Мэллори вскочил, повернулся и на подкашивающихся ногах выбежал из
вонючего закоулка. В голове у него трещало и поскрипывало, словно
разъехались все кости черепа; красный туман застилал глаза.
Пробежав один квартал, Мэллори свернул за угол, привалился к стене, упер
руки в колени и начал жадно хватать воздух ртом. Из носа у него текло,
желудок выворачивался наизнанку. Пожилые, хорошо одетые супруги брезгливо
покосились на неприглядную фигуру и прибавили шаг. Мэллори ответил им
жалким, вызывающим взглядом. У него было странное ощущение, что только дай
этим респектабельным ублюдкам почуять запах крови - и они разорвут его на
куски.
Время шло. Мимо проходили лондонцы - с выражением равнодушия,
любопытства, легкого неодобрения, - полагая, что он пьян или болен. Мэллори
всмотрелся сквозь слезы в здание на противоположной стороне улицы и
разглядел аккуратную эмалированную табличку.

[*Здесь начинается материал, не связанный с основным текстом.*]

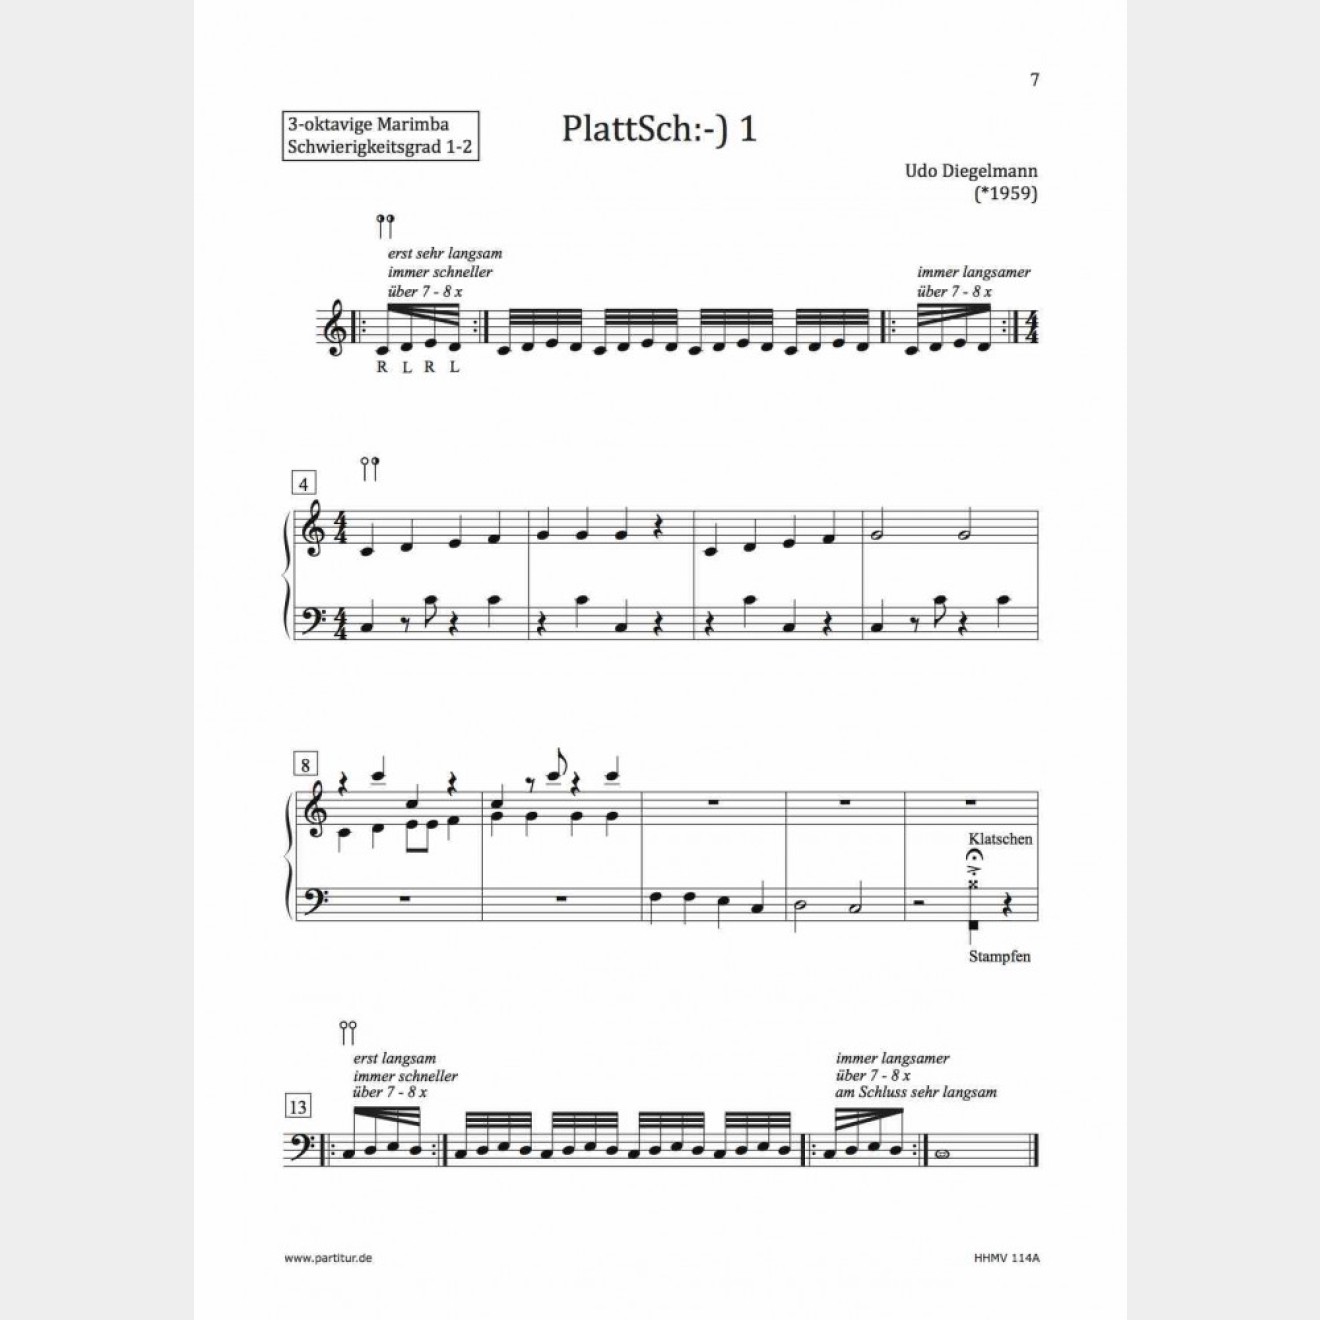 MarimbaSpiele; volume 1 - easy to moderate

Хаф-Мун-стрит. Хаф-Мун-стрит, где живет Олифант.
А записная книжка, она же могла вывалиться во время драки... Мэллори
нащупал в кармане привычный кожаный переплет, немного успокоился и стал
искать визитку Олифанта. Пальцы его дрожали.
Дом Олифанта оказался в дальнем конце улицы. Подходя к нему, Мэллори уже
не шатался, отвратительное ощущение, что голова вот-вот расколется,
сменилось мерзкой пульсирующей болью.
Олифант жил в георгианском особняке, поделенном на квартиры. Первый этаж
украшала узорная решетка, зашторенный фонарь выходил на мирные лужайки
Грин-парка. Милое, цивилизованное место, совершенно неподходящее для
человека, получившего дубинкой по черепу, почти без сознания и истекающего
кровью. Мэллори схватил дверной молоток в форме слоновьей головы и яростно
забарабанил.
Слуга окинул Мэллори недоуменным взглядом.